WHAT YOU HAVE TO DO – Look below for the line containing "Beautiful Ocean Sunset Case" and the line containing "credit suisse compte"; repeat exactly those two lines and all lines between them, and nothing else.

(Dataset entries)
----
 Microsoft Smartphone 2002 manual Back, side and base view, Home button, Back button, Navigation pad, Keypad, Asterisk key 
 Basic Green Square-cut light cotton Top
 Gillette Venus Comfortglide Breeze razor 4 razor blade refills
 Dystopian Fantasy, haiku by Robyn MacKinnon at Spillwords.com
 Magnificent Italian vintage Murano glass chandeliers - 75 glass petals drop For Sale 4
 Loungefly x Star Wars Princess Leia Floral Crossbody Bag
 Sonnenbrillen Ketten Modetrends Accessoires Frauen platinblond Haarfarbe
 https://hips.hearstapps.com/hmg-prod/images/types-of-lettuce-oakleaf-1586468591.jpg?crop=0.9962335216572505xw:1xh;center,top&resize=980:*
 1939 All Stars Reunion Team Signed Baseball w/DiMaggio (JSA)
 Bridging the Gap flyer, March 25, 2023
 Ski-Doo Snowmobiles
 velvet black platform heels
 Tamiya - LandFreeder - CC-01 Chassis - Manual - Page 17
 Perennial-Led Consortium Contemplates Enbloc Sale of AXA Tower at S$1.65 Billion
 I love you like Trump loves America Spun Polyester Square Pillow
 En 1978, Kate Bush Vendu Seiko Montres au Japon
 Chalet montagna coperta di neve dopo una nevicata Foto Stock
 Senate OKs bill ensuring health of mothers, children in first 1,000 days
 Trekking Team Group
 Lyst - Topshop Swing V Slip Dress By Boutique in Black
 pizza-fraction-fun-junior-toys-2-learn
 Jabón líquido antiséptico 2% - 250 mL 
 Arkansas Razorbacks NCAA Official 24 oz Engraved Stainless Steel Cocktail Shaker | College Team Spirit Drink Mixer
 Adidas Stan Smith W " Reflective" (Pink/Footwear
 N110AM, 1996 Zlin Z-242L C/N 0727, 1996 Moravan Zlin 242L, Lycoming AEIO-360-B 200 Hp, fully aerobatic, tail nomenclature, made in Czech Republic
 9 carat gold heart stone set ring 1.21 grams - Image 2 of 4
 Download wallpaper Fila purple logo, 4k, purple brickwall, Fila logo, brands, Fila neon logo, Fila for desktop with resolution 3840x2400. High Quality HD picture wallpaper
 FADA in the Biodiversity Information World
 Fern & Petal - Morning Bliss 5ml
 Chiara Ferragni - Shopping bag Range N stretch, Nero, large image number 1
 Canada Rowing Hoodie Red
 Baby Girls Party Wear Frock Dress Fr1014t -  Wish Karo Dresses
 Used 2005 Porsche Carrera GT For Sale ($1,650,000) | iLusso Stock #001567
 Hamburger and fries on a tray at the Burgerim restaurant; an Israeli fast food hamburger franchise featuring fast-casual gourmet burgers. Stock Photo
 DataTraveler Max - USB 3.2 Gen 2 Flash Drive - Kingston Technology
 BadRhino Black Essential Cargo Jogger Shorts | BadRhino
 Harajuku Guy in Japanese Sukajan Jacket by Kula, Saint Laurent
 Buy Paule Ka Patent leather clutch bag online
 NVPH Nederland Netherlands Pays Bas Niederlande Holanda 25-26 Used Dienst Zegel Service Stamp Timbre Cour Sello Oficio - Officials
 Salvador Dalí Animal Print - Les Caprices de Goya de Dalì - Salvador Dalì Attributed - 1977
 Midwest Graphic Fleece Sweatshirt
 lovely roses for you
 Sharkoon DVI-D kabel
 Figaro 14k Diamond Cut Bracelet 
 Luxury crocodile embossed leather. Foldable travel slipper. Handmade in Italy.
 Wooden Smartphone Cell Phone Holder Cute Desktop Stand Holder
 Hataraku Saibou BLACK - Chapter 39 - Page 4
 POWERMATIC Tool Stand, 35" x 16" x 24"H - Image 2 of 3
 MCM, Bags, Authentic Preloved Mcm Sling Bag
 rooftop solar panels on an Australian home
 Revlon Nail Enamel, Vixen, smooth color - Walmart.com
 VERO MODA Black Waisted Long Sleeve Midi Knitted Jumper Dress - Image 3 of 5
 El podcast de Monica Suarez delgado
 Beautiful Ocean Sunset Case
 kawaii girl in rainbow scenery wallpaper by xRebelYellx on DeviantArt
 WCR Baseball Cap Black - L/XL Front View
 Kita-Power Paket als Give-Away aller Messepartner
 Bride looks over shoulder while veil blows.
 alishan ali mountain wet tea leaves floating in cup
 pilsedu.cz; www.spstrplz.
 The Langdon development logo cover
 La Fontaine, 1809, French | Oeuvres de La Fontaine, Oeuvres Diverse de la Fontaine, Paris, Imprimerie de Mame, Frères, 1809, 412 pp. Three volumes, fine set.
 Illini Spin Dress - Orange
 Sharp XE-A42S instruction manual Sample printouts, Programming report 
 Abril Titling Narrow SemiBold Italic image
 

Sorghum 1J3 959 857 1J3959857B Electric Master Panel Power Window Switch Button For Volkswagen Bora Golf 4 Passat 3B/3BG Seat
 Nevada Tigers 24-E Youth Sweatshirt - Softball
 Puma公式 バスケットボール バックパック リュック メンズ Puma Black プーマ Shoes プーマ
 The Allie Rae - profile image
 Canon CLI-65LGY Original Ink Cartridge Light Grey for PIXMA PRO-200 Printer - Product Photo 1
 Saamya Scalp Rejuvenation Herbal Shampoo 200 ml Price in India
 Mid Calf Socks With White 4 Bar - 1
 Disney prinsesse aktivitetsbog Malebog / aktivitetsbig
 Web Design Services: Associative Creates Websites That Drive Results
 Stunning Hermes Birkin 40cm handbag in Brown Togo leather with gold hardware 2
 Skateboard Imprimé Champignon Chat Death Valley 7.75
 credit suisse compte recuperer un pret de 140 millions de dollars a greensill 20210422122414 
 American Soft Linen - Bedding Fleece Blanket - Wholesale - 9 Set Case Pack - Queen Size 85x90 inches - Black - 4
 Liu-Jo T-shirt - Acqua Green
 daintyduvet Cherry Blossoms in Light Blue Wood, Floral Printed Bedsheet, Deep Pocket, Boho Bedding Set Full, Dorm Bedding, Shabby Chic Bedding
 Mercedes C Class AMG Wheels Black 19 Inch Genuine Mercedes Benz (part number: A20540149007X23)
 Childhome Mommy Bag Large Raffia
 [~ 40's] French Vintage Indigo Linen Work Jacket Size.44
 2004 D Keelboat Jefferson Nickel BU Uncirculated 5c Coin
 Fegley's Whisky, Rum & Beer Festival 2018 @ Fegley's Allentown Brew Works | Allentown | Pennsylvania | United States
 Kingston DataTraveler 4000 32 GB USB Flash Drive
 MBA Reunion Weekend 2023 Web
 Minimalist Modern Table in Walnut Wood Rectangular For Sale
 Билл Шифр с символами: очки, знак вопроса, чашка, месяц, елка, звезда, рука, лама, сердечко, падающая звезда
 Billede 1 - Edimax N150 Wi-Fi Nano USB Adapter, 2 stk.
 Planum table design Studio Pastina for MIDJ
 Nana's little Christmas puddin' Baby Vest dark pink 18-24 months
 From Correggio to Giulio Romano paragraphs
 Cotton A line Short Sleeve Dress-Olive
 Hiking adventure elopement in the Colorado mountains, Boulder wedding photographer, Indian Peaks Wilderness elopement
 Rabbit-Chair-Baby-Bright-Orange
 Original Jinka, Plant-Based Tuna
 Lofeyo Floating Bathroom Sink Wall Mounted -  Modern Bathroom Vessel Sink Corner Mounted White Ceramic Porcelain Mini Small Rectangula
----
OUTPUT OF THE EXERCISE –
 Beautiful Ocean Sunset Case
 kawaii girl in rainbow scenery wallpaper by xRebelYellx on DeviantArt
 WCR Baseball Cap Black - L/XL Front View
 Kita-Power Paket als Give-Away aller Messepartner
 Bride looks over shoulder while veil blows.
 alishan ali mountain wet tea leaves floating in cup
 pilsedu.cz; www.spstrplz.
 The Langdon development logo cover
 La Fontaine, 1809, French | Oeuvres de La Fontaine, Oeuvres Diverse de la Fontaine, Paris, Imprimerie de Mame, Frères, 1809, 412 pp. Three volumes, fine set.
 Illini Spin Dress - Orange
 Sharp XE-A42S instruction manual Sample printouts, Programming report 
 Abril Titling Narrow SemiBold Italic image
 

Sorghum 1J3 959 857 1J3959857B Electric Master Panel Power Window Switch Button For Volkswagen Bora Golf 4 Passat 3B/3BG Seat
 Nevada Tigers 24-E Youth Sweatshirt - Softball
 Puma公式 バスケットボール バックパック リュック メンズ Puma Black プーマ Shoes プーマ
 The Allie Rae - profile image
 Canon CLI-65LGY Original Ink Cartridge Light Grey for PIXMA PRO-200 Printer - Product Photo 1
 Saamya Scalp Rejuvenation Herbal Shampoo 200 ml Price in India
 Mid Calf Socks With White 4 Bar - 1
 Disney prinsesse aktivitetsbog Malebog / aktivitetsbig
 Web Design Services: Associative Creates Websites That Drive Results
 Stunning Hermes Birkin 40cm handbag in Brown Togo leather with gold hardware 2
 Skateboard Imprimé Champignon Chat Death Valley 7.75
 credit suisse compte recuperer un pret de 140 millions de dollars a greensill 20210422122414 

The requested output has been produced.